IS CONGRESS PREPARING THE LARGEST BAILOUT EVER?

By: John Gray |
September 07, 2016


In December 2007, the world’s financial markets appeared to stand still. The economy was crumbling before our very eyes, thanks to flawed government policies and the avarice of certain Wall Street players.

Washington came to the rescue; golden bailouts reigned supreme.

The Wall Street bailout — commonly referred to as the Troubled Asset Relief Program or TARP — originally provided $700 billion in taxpayer funds. Later, Congress limited that figure to $475 billion. Still, as bad as TARP was, $376 billion was repaid; more than $55 billion was written off. In total, TARP cost the American taxpayer, to-date, $30 billion.

Now there is something far larger and much more dangerous lurking in Congress. According to a new study published by The Heritage Foundation, Congress is interested in another bailout. This time however, the taxpayer may ultimately be on the hook for nearly $6 trillion. And this time, it won’t be paid back — ever.

In particular, the paper, “Why a Coal Miner Pension Bailout Could Open the Door to a $600 Billion Pension Bailout for All Private Unions,” highlights Congress’ interest in a taxpayer-funded bailout for the “overpromised, underfunded pension plan of the United Mine Workers of America (UMWA).”

The UMWA is believed to be unique. As The Washington Post writes,

Still, some workers [coal miners] fear losing the $530 average monthly benefit … losing benefits would break a promise made to coal miners decades ago, with the federal government acting as a guarantor.

[I]This notion of the “federal government as a guarantor” is false. It derives from an incident in 1946, when coal miners were threatening to strike. President Harry Truman directed the Secretary of Interior to negotiate with the miner’s union for pension and health care benefits. But there is nothing special about the UMWA. As The Heritage Foundation argues, the government did help facilitate the negotiations, but there was no actual commitment on behalf of the government. As Heritage notes,

It was the union and its plan trustees — not the federal government — that consistently promised pensions and health care benefits as part of employees’ total compensation packages and then failed to collect the funds necessary to pay those benefits.

In other words, if the UMWA can convince Congress it deserves a taxpayer bailout, then so too should every underfunded pension plan in America. Actually, the UMWA, underfunded by $5.6 billion, is just one of 1,300 union pension plans that desperately needs an infusion of cash.

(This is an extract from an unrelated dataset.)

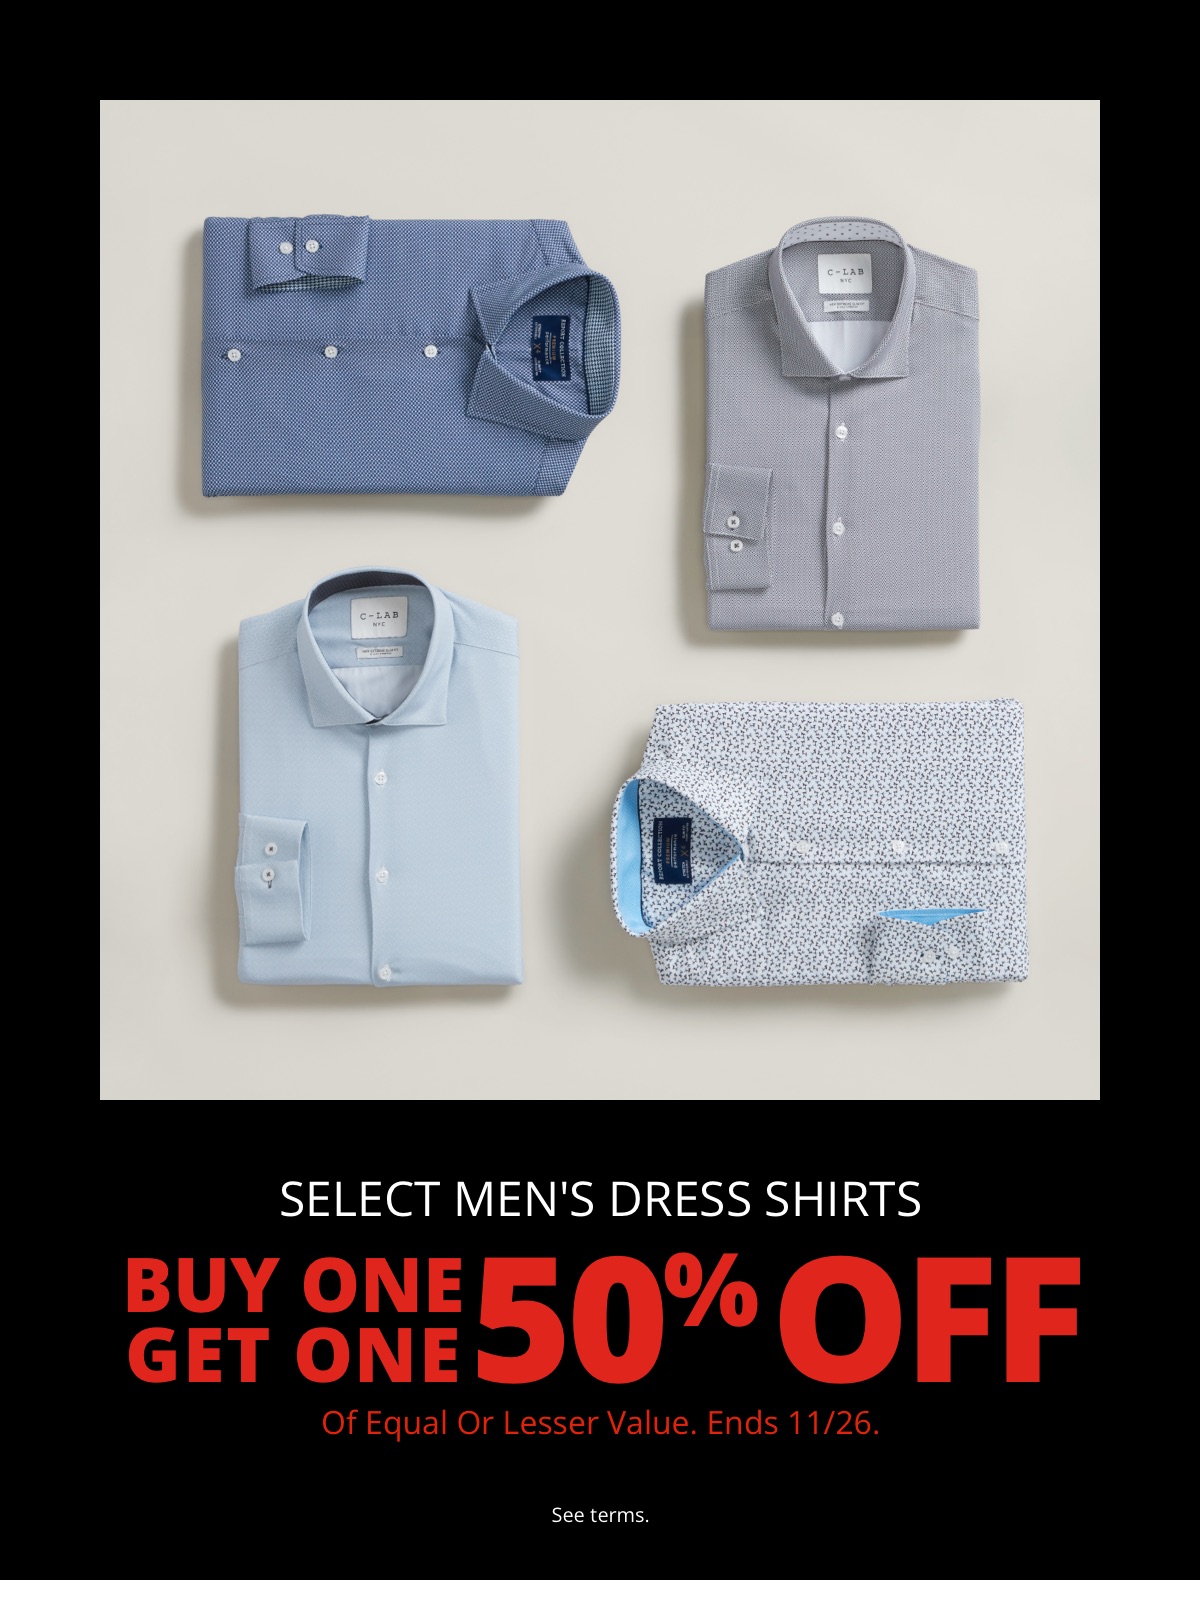 Select Mens Dress Shirts|Buy One Get One 50% Off|Of Equal or Lesser Value. Ends 11/26.|See terms.

To shore up all these failing pension funds, Heritage finds, would cost you, the taxpayer, as much as $600 billion.

As it goes in Washington, any sign of trouble usually means that you’re only witnessing the tip of an iceberg. [SS1] And in this case, a $600 billion liability represents a much, much deeper problem. Union pensions aside, there are also noticeable financial problems lurking among private, non-union pension funds. If cash-strapped pension funds become eligible for bailouts, then tack on another $740 billion to the taxpayers’ bill.

As you can see from the chart, the problems facing pensions has been increasingly deteriorating. In 1990, private and union pensions were underfunded by $37 billion. The problems accumulated, perhaps believing that Congress would one day clean up the mess. Today, those pensions problems are nearly 4,000 times larger, with a tab of $1.4 trillion.



But the chunk of iceberg that will ultimately sink this Titanic includes the unfunded liabilities and public pension plans of city and state employees across the nation. That figure is a whopping $4.7 trillion. California has an unfunded burden of nearly $800 billion; Illinois, $331 billion.

One thing is obvious — the U.S. has pension problems. For once, however, this is not the fault of the federal government. It’s the fault of union heads and CEOs who have been lying through their teeth to workers all over the country — and now the bill for those lies is coming due. Congress has enough work to do this fall without “fixing” UMWA’s pension problems and then inviting the whole neighborhood to get in line for a bailout. Nice try, UMWA, but this one is on you.